Filter a pandas dataframe on multiple columns for partial string match, using values from a dict

Question

I need to filter a dataframe on multiple values from a dict

df = pd.read_csv('https://raw.githubusercontent.com/plotly/datasets/master/gapminderDataFiveYear.csv')
filters_raw = {'continent': {'filterTerm': 'Asi', 'column': {'rowType': 'filter', 'key': 'continent', 'name': 'continent', 'editable': True, 'sortable': True, 'resizable': True, 'filterable': True, 'width': 147, 'left': 60}}, 'gdpPercap': {'filterTerm': '9', 'column': {'rowType': 'filter', 'key': 'gdpPercap', 'name': 'gdpPercap', 'editable': True, 'sortable': True, 'resizable': True, 'filterable': True, 'width': 147, 'left': 354}}, 'lifeExp': {'filterTerm': '4', 'column': {'rowType': 'filter', 'key': 'lifeExp', 'name': 'lifeExp', 'editable': True, 'sortable': True, 'resizable': True, 'filterable': True, 'width': 147, 'left': 501}}, 'pop': {'filterTerm': '3', 'column': {'rowType': 'filter', 'key': 'pop', 'name': 'pop', 'editable': True, 'sortable': True, 'resizable': True, 'filterable': True, 'width': 147, 'left': 648}}, 'year': {'filterTerm': '2007', 'column': {'rowType': 'filter', 'key': 'year', 'name': 'year', 'editable': True, 'sortable': True, 'resizable': True, 'filterable': True, 'width': 147, 'left': 795}}, 'country': {'filterTerm': 'af', 'column': {'rowType': 'filter', 'key': 'country', 'name': 'country', 'editable': True, 'sortable': True, 'resizable': True, 'filterable': True, 'width': 147, 'left': 207}}}
filters = {i:filters_raw[i]['filterTerm'] for i in filters_raw.keys()}

To use a dict to get exact matches I can do this Based on this answer( Filter a pandas dataframe using values from a dict ); ;

dff = df.loc[(df[list(filters)] == pd.Series(filters)).all(axis=1)]
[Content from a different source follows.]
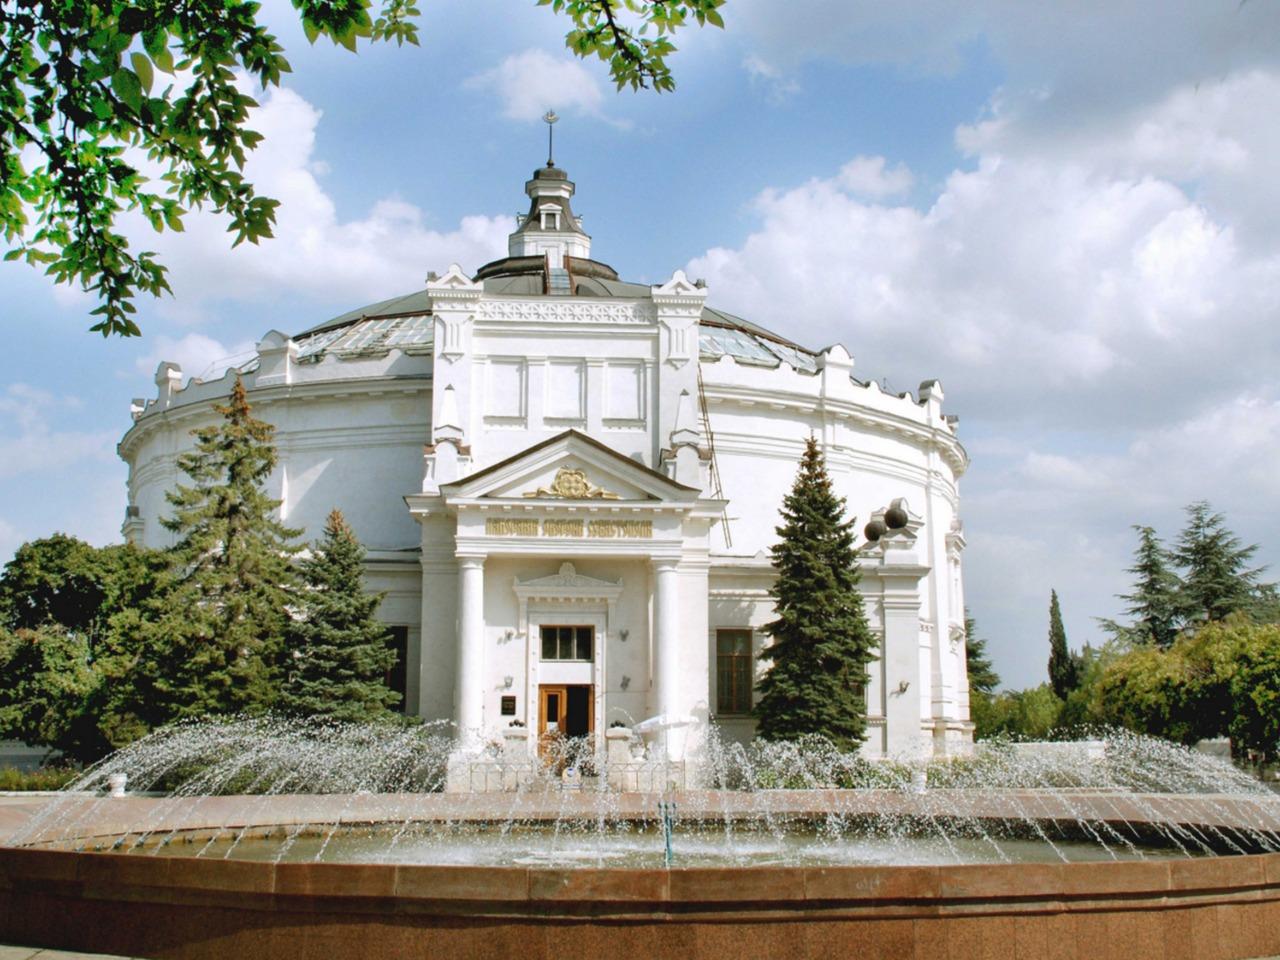 Центр Севастополя + Диорама + Панорама - индивидуальная экскурсия в Севастополе от опытного гида

But if I want to filter the same way, but not be limited to just exact matches but also get matches where value from dict is contained as a substring in dataframe. How would I do that?

The desired output is a dataframe with only the values that correspond to all the conditions simultaneously. With the filters above;

Dff
Asia Afghanistan 974.5803384 43.828 31889923 2007

Answer 1

Have a look at pandas.Series.str.contains where you can use a regular expression. There is also string handling functions that may be more tailored for what you need.

Answer 2

One solution can be using pd.Series.str.starstwith to find strings matching the ones in filters .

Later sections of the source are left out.